Yongbok disfrutaba mucho su rabia porque sabía que, tras patearlo en la cara, caminaría sus pasos en reversa para poseerlo con idéntico ardor. Bailarían tangos apasionados hasta el amanecer, lo dibujaría desnudo sobre su silla junto a la ventana tornasol, y volvería a gritar por él entre el furor de las apuestas para terminar el día borrachos. Juntos, siempre juntos. Adoraba entonces molestarlo, lastimarlo, invadir sus entrañas, sus secretos, porque cuando lo sentía escupirle en la boca, se sabía irrefutablemente derrotado. Lo volcaba con sus ropas arrancadas, colocaba la mano tatuada en su manzana de Adán, introducía su pulgar sobre una lengua que lo recibía obediente y decía:

—Di que eres mío, Yongbok.

—Soy tuyo.

—Di mi nombre, di que eres mío.

—¡Soy tuyo, Hyunjin, soy todo tuyo! Soy tuyo, tuyo, tuyo...
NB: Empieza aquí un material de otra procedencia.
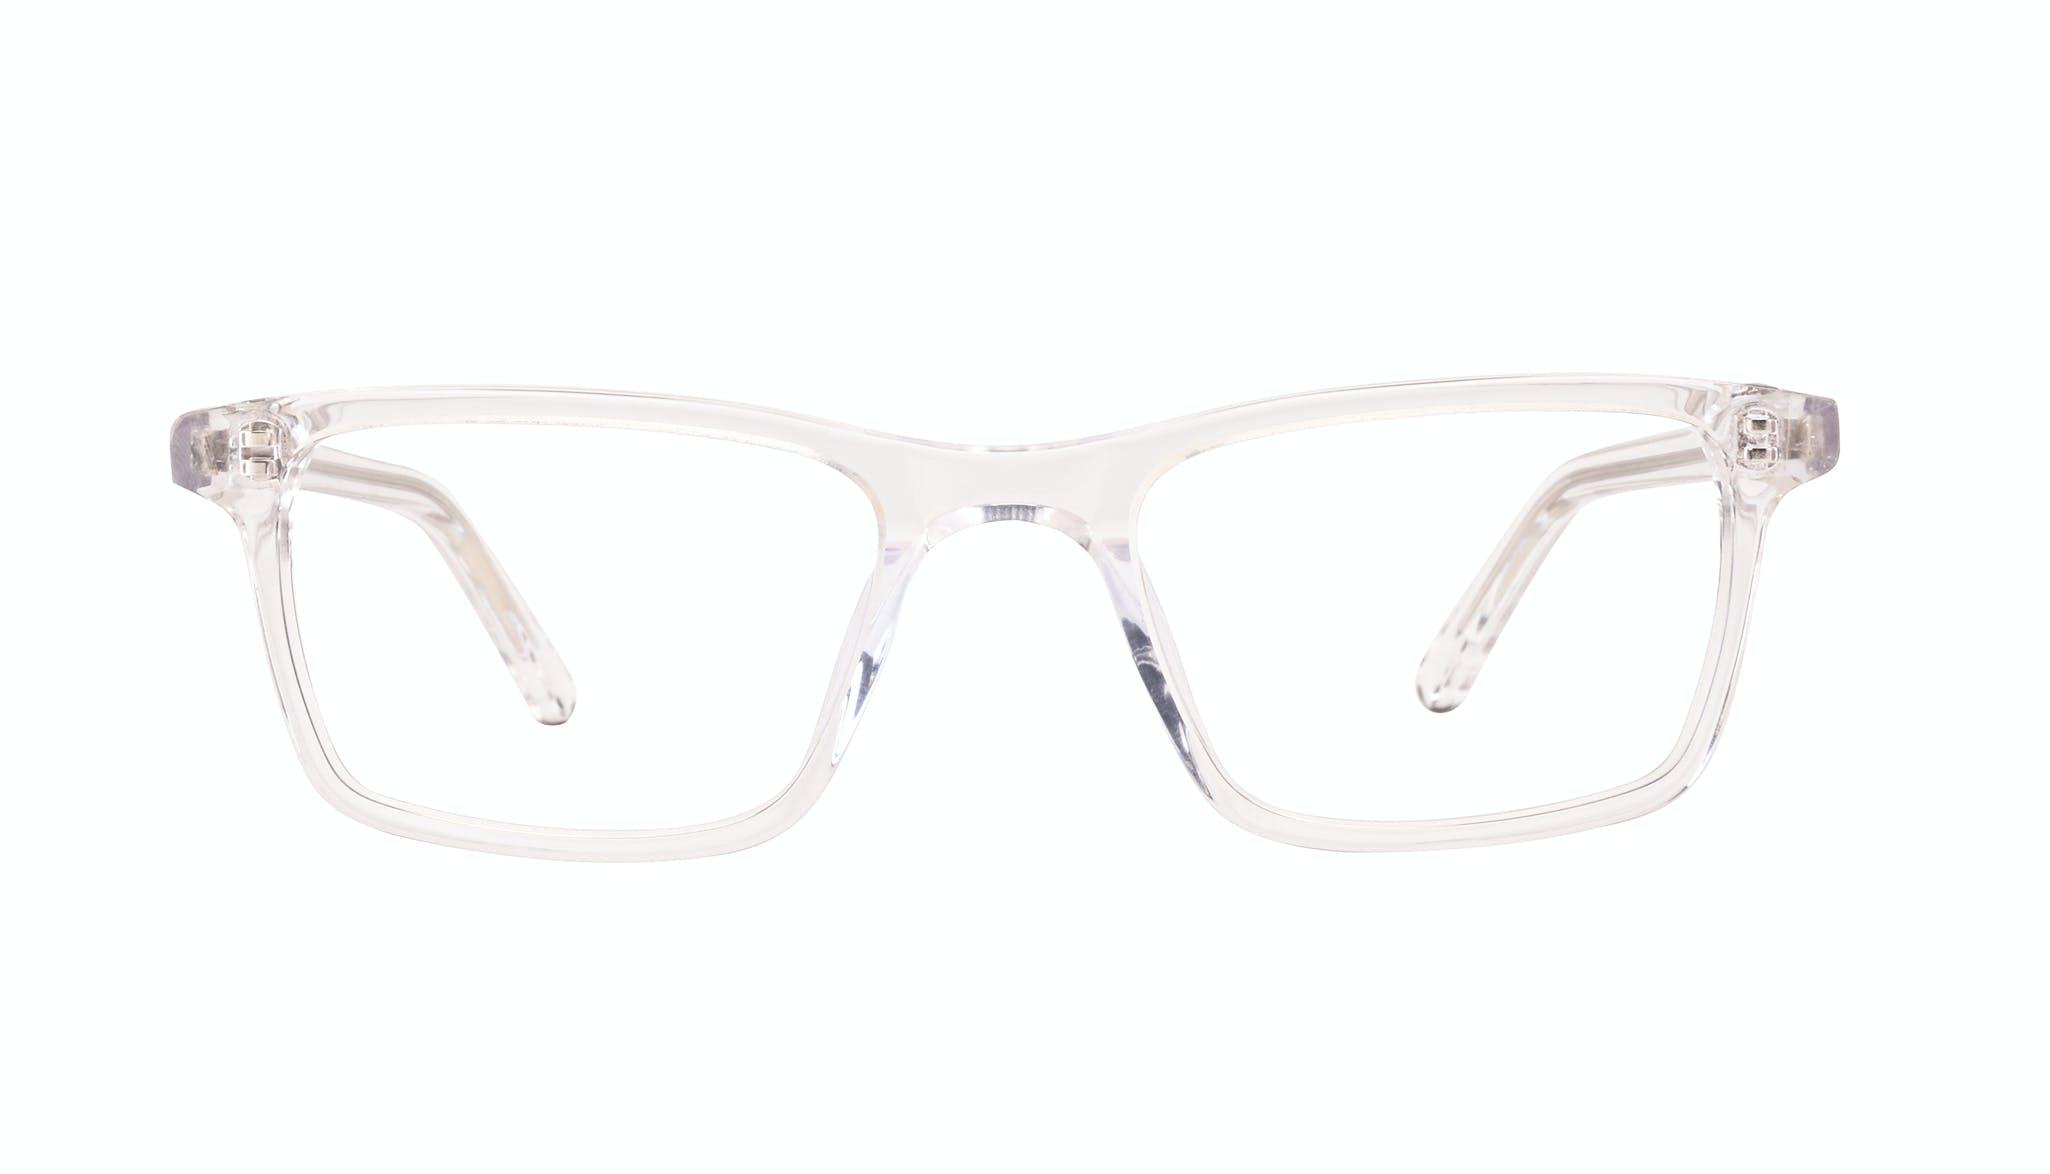 Affordable Fashion Glasses Rectangle Eyeglasses Men Henri SML Clear Front

Y Felix lo gritaba sin vacilar, atrapado en ese placer que rodeaba cual serpiente su cuerpo entero, que tornaba su respiración irregular, que lo obligaba a apretarse más y más hacia su carne erecta, que contraía los músculos de su entrada una vez por segundo, caliente, repetidas veces, como un latido. Esa sensación enorme, esa ola roja que abruma e impresiona, que sacude de forma incontrolable, que place, que duele, que deseas continúe, pero también que pare. Que, cuando es fuerte, te consume entero. Así, así de crudo era el amor siempre entre ellos. Como un orgasmo rojo, agreste, idéntico a todas las flores del cuerpo más largo, exhibido en el balcón sólo un poco menos que el de Felix, cuando se volvían locos y lo hacían a la vista de cualquier insomne curioso a las cuatro de la mañana.
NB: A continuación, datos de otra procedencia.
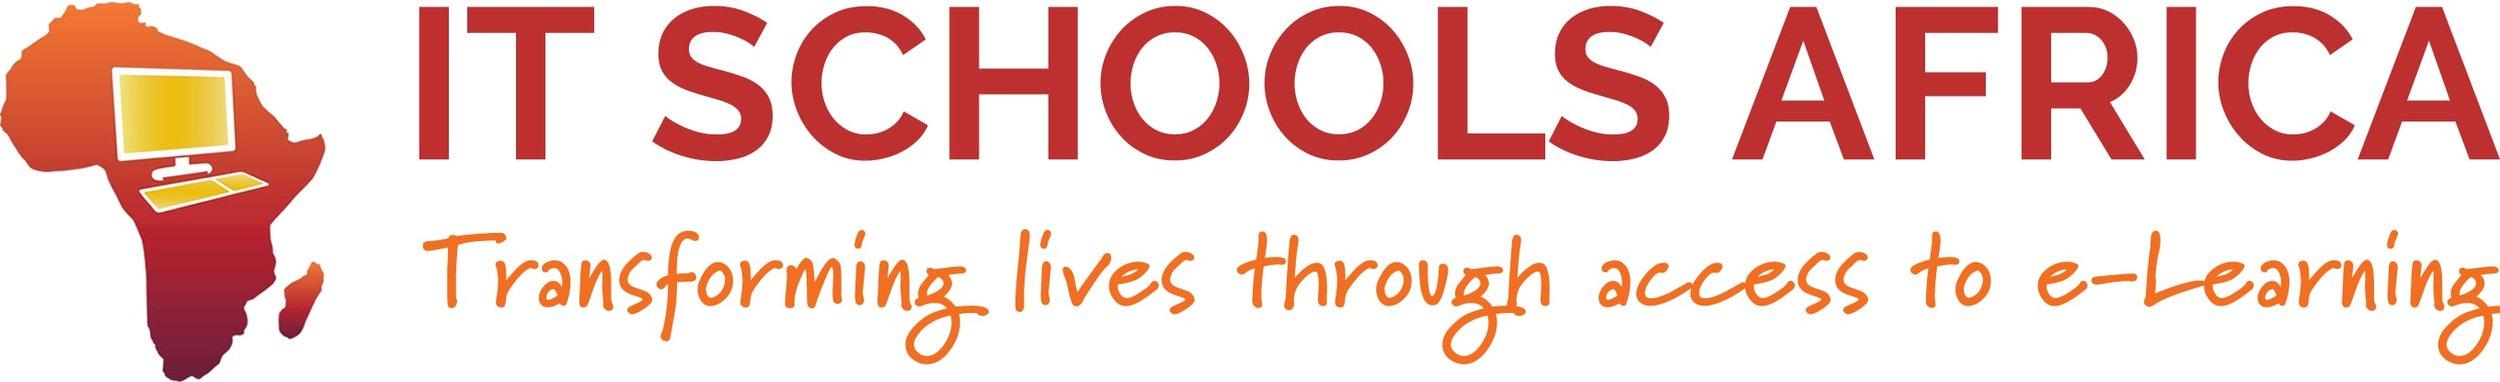 ITSA logo.jpg

Rojo como golpes furiosos contra un saco colgante; la pintura carmesí embarrada en un pincel que dibuja errático las figuras más bellas y espantosas. Un autorretrato deforme, irreconocible, con los ojos sangrientos y un pistilo por erección. Carmín, escarlata, bermejo, como la nalgada que Yongbok recibió de un desconocido aquella noche en el bar, ante la mueca feroz de Hyunjin. Y todas las consecuencias después. La figura vestida de cuero aguardando junto a la puerta el momento preciso para lanzarse en contra de aquel cabrón que había osado tocar los pétalos de su caléndula, y partirle la cara con salvajismo contra la acera.

Felix recordaría con tierno horror cómo él mismo, tras un ataque de pánico, había reventado una botella en la cabeza del extraño; la forma en que salió corriendo al lado de su amante, la sangre ajena corriendo roja. Pudieron asesinar a quien fuese, o acuchillarse y ahorcarse mutuamente en aquella turbulenta relación de ir y venir cada vez que discutían. Por eso mismo, cuando el rubio retornaba a su vida vestido de gamuza en otoño, tan propio, tan modosito, y exhibía sus retratos en la academia, recibiendo la adulación de todos... se preguntaba avergonzado si acaso las personas que contemplaban aquella figura se imaginaban el tipo de relación abominable que mantenía con el modelo. El dragón de los mil cardenales. La musa eterna, la inolvidable. La de los días animales.